• _Exercise details_
Copy exactly the stretch of data below from the line with "Flexus Naxos Women's" through the line with "Burgundy Hatch Cooper Special Edition", including both of those lines.

• _Input material_
_ _ _ _

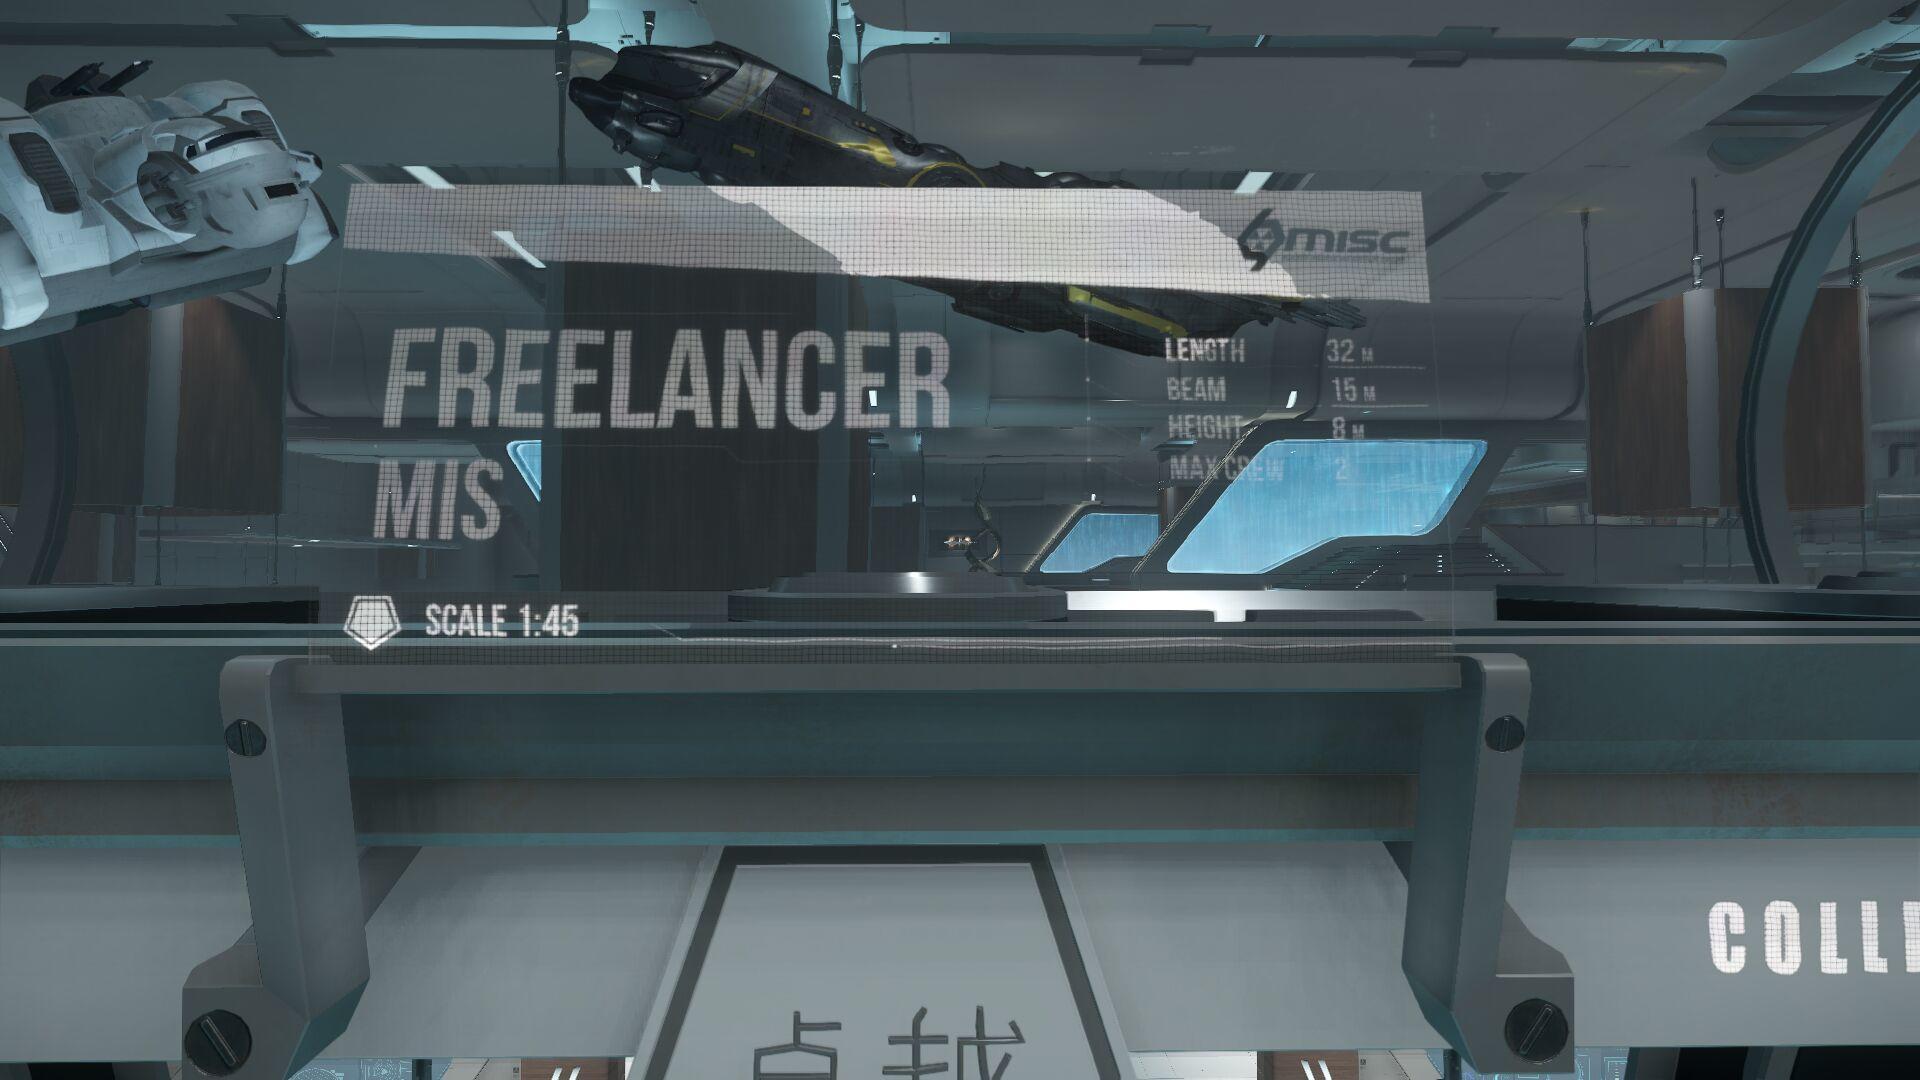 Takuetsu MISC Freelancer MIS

_ _ _ _

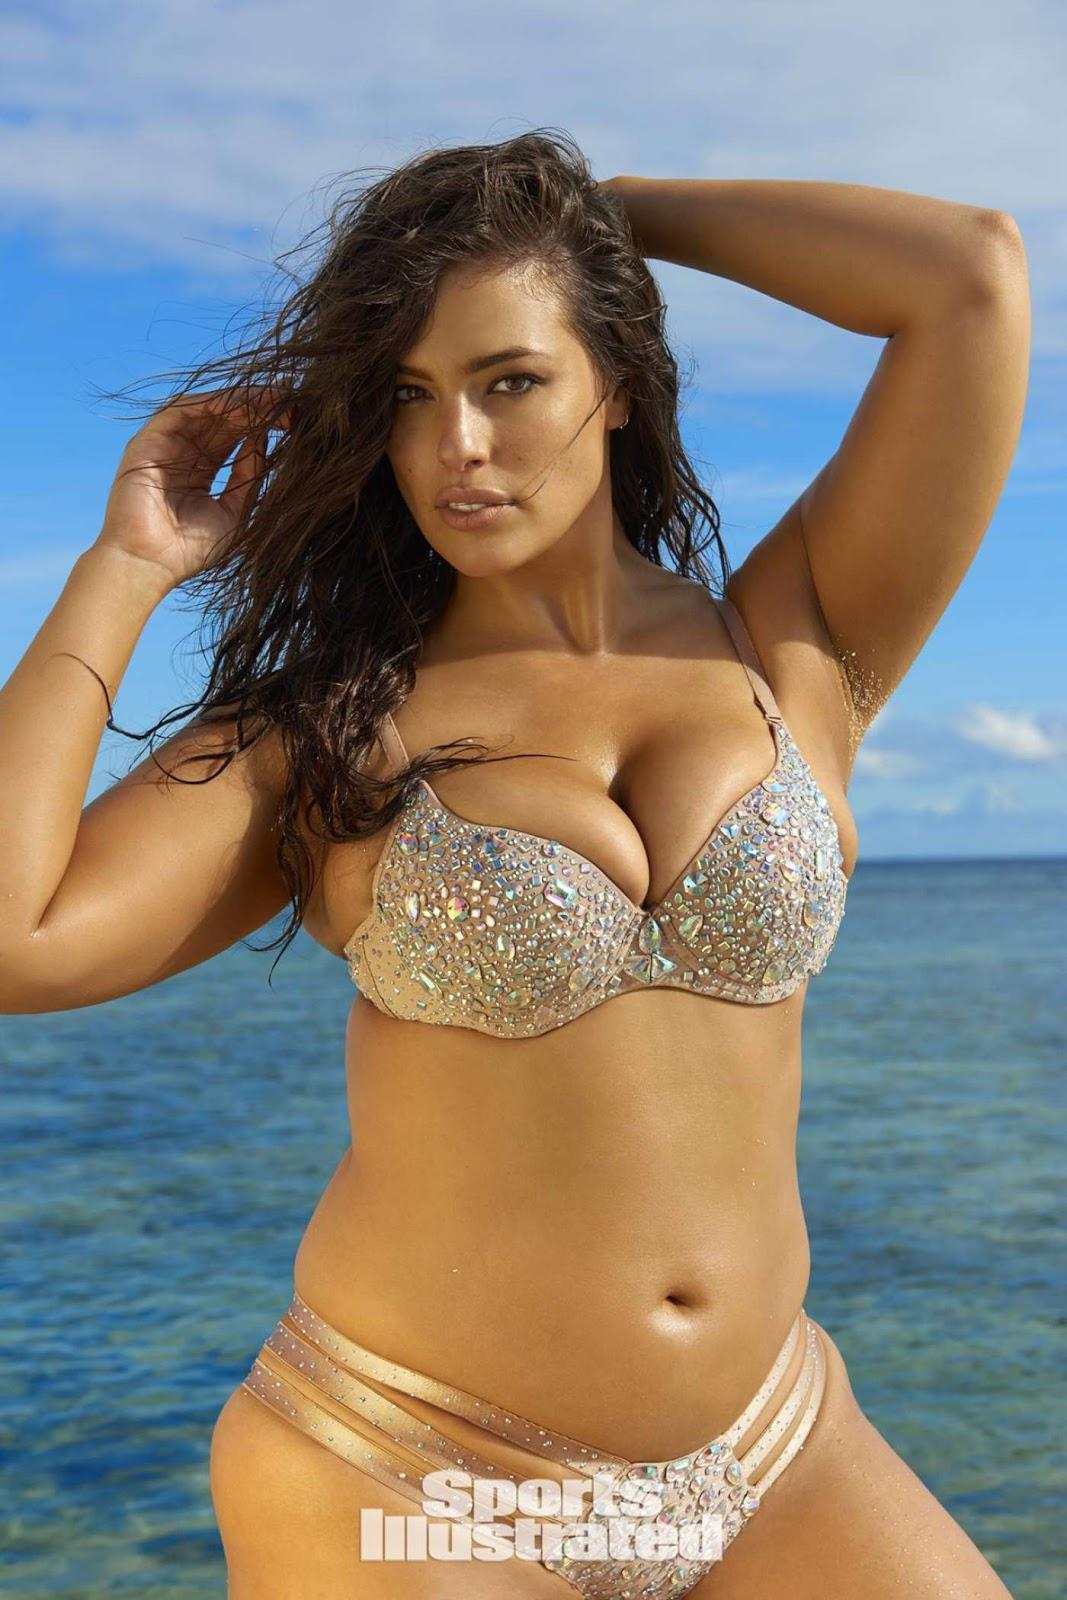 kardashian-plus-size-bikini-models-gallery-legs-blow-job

_ _ _ _

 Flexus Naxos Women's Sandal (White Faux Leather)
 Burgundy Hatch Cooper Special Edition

_ _ _ _

• _Exercise solution_
 Flexus Naxos Women's Sandal (White Faux Leather)
 Burgundy Hatch Cooper Special Edition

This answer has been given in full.